According to some embodiments of the invention, the segmenting the camouflage target image in the camouflage target image to be segmented corresponding to each boundary fusion feature based on the boundary fusion features includes:
inputting the boundary fusion features into a convolution layer with a Sigmoid activation function to generate a plurality of prediction graphs;
and dividing a camouflage target image in the camouflage target images to be divided based on each prediction graph.
In a second aspect, the embodiment of the present invention further provides a camouflage target image segmentation system based on multi-level feature fusion, where the camouflage target image segmentation system based on multi-level feature fusion includes:
the data acquisition unit is used for acquiring a camouflage target image to be segmented;
the feature extraction unit is used for extracting multi-level features of the camouflage target image to be segmented by adopting different network layers through a first branch network and a second branch network to obtain a first feature image of multiple levels output by the first branch network and a second feature image of multiple levels output by the second branch network;
The feature fusion unit is used for carrying out global feature enhancement on the first feature map of each level to obtain global features after multiple levels of enhancement; carrying out local feature enhancement on the second feature map of each level to obtain local features after multiple levels of enhancement; carrying out feature fusion on the enhanced local features of each level and the enhanced global features of the same level to obtain fusion features of multiple levels;
the boundary guiding unit is used for conducting boundary guiding on the fusion characteristics of the two shallow network layers in the fusion characteristics of the multiple layers to obtain a boundary diagram;
the feature interaction unit is used for carrying out feature interaction on the fusion features of the adjacent network layers in the fusion features of the multiple layers to obtain multiple interaction features;
the boundary fusion unit is used for carrying out boundary fusion on the boundary graph and each interaction feature in the interaction features respectively to obtain a plurality of boundary fusion features;
the image segmentation unit is used for segmenting a camouflage target image in the camouflage target images to be segmented, which correspond to each boundary fusion feature, based on the boundary fusion features.
In a third aspect, an embodiment of the present invention further provides an electronic device, including:
at least one memory;
at least one processor;
at least one computer program;
the at least one computer program is stored in the at least one memory, and the at least one processor executes the at least one computer program to implement a camouflage target image segmentation method based on multi-level feature fusion as described in the first aspect.
In a fourth aspect, an embodiment of the present invention further provides a storage medium, where the storage medium is a computer readable storage medium, where the computer readable storage medium stores a computer program, where the computer program is configured to make a computer execute a method for dividing a camouflage target image based on multi-level feature fusion according to the first aspect.

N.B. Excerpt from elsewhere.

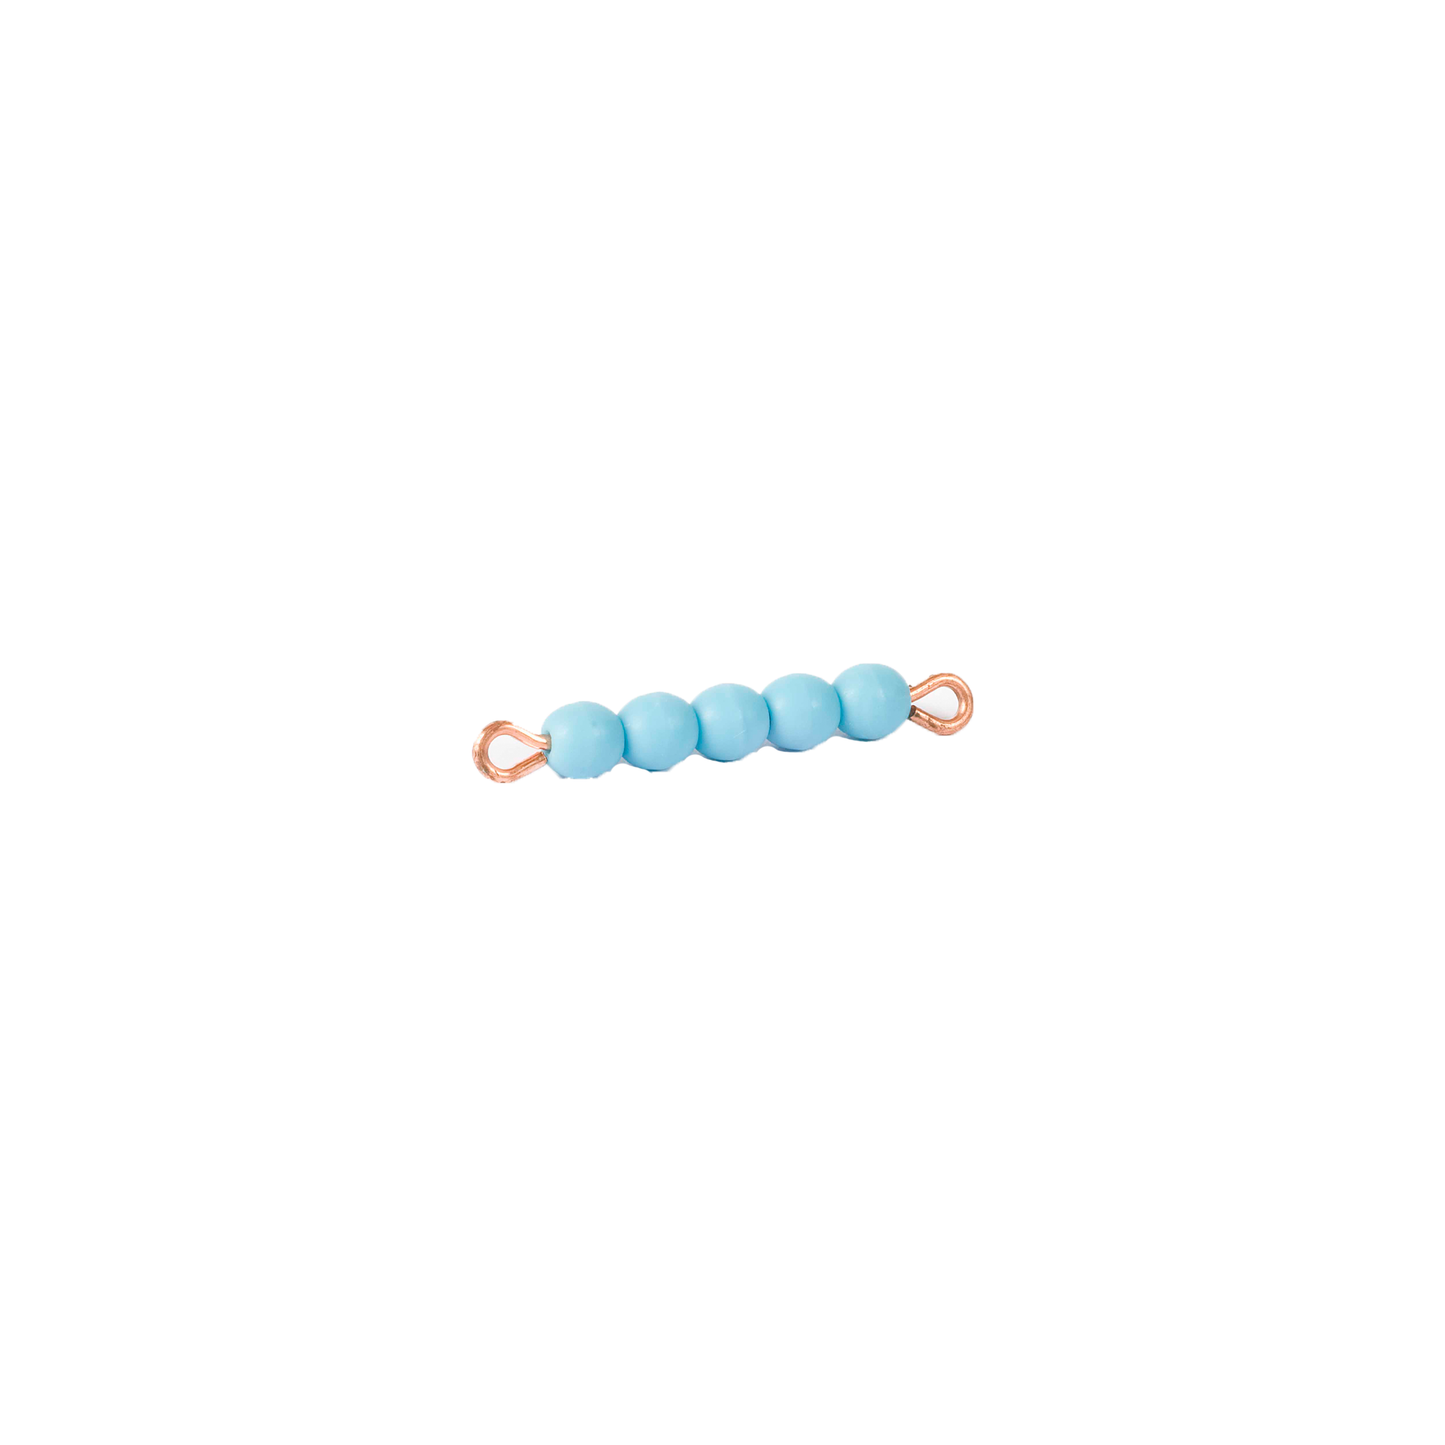 Bar of 5 in individual glass beads: light blue - Nienhuis AMI
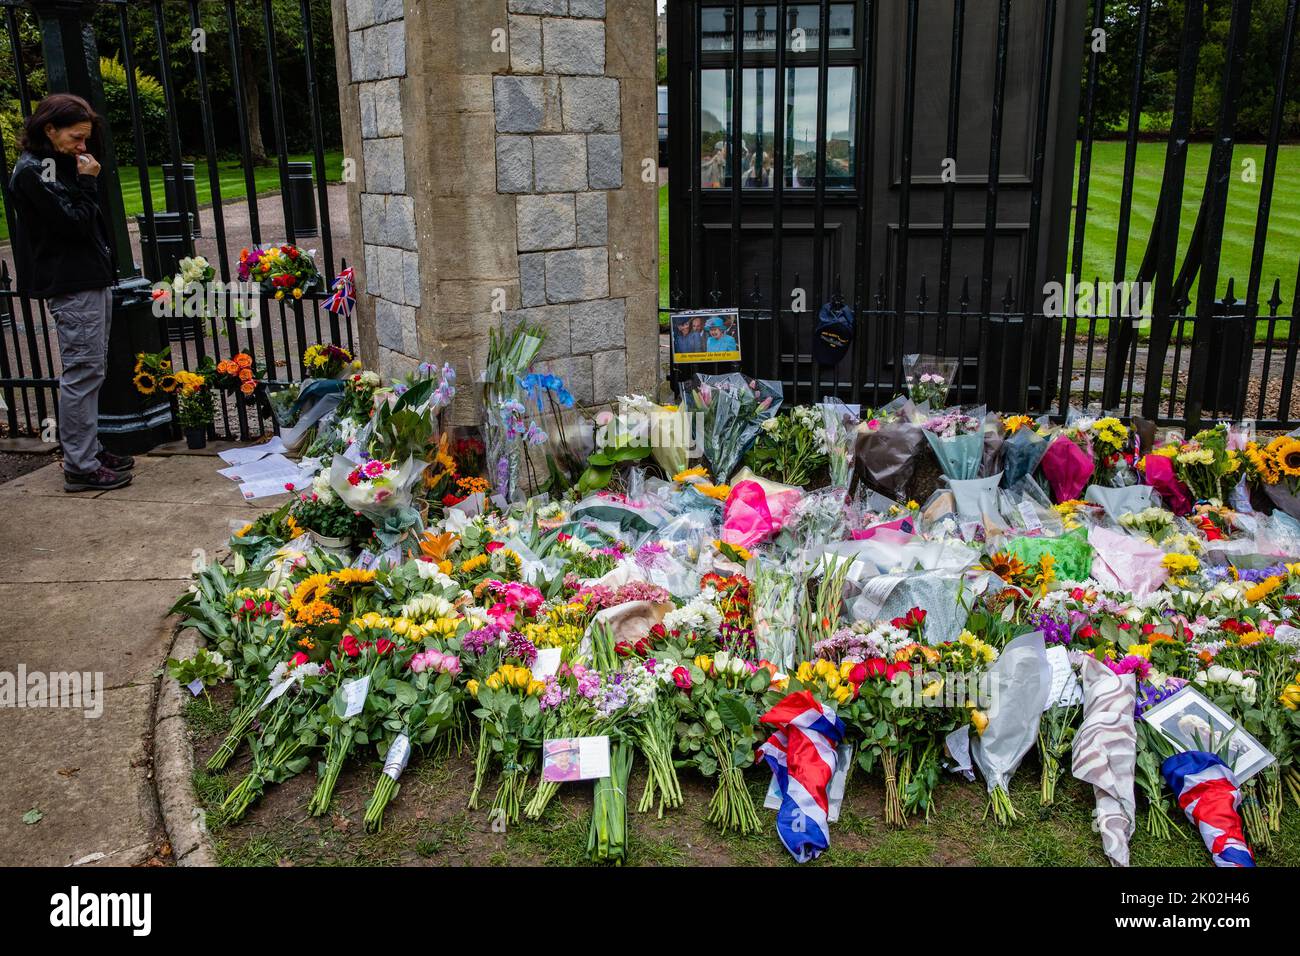 Windsor, UK. 9th Sep, 2022. Floral tributes are displayed outside Cambridge Gate at Windsor Castle a day after the death of Queen Elizabeth II. Queen Elizabeth II, the UK's longest-serving monarch, died at Balmoral aged 96 after a reign lasting 70 years. Credit: Mark Kerrison/Alamy Live News Stock Photo

It is to be understood that the advantages of the second to fourth aspects compared with the related art are the same as those of the first aspect compared with the related art, and reference may be made to the related description in the first aspect, which is not repeated herein.
Drawings
The foregoing and/or additional aspects and advantages of the invention will become apparent and may be better understood from the following description of embodiments taken in conjunction with the accompanying drawings in which:
FIG. 1 is a flow chart of a camouflage target image segmentation method based on multi-level feature fusion according to an embodiment of the invention;
FIG. 2 is a flowchart of a method for camouflage target image segmentation based on multi-level feature fusion according to another embodiment of the present invention;
FIG. 3 is a schematic view of the overall structure of a model according to an embodiment of the present invention;
FIG. 4 is a schematic diagram of a Res2Net module and a basic convolution module according to one embodiment of the present invention;
FIG. 5 is a block diagram of a residual channel attention mechanism of an embodiment of the present invention;
FIG. 6 is a block diagram of a spatial attention mechanism of an embodiment of the present invention;
FIG. 7 is a block diagram of an LGA module according to an embodiment of the present invention;
FIG. 8 is a block diagram of an MS-CA according to an embodiment of the invention;
FIG. 9 is a block diagram of a CFT module in accordance with an embodiment of the present invention;
fig. 10 is a block diagram of an MTA according to an embodiment of the invention;
FIG. 11 is a block diagram of a BMTA according to an embodiment of the invention;
fig. 12 is a block diagram of a BAH according to an embodiment of the present invention;
FIG. 13 is a block diagram of a camouflage target image segmentation system based on multi-level feature fusion according to an embodiment of the invention;
fig. 14 is a schematic diagram of a hardware structure of an electronic device according to an embodiment of the present invention.
Detailed Description
Embodiments of the present invention are described in detail below, examples of which are illustrated in the accompanying drawings, wherein like or similar reference numerals refer to like or similar elements or elements having like or similar functions throughout. The embodiments described below by referring to the drawings are illustrative only and are not to be construed as limiting the invention.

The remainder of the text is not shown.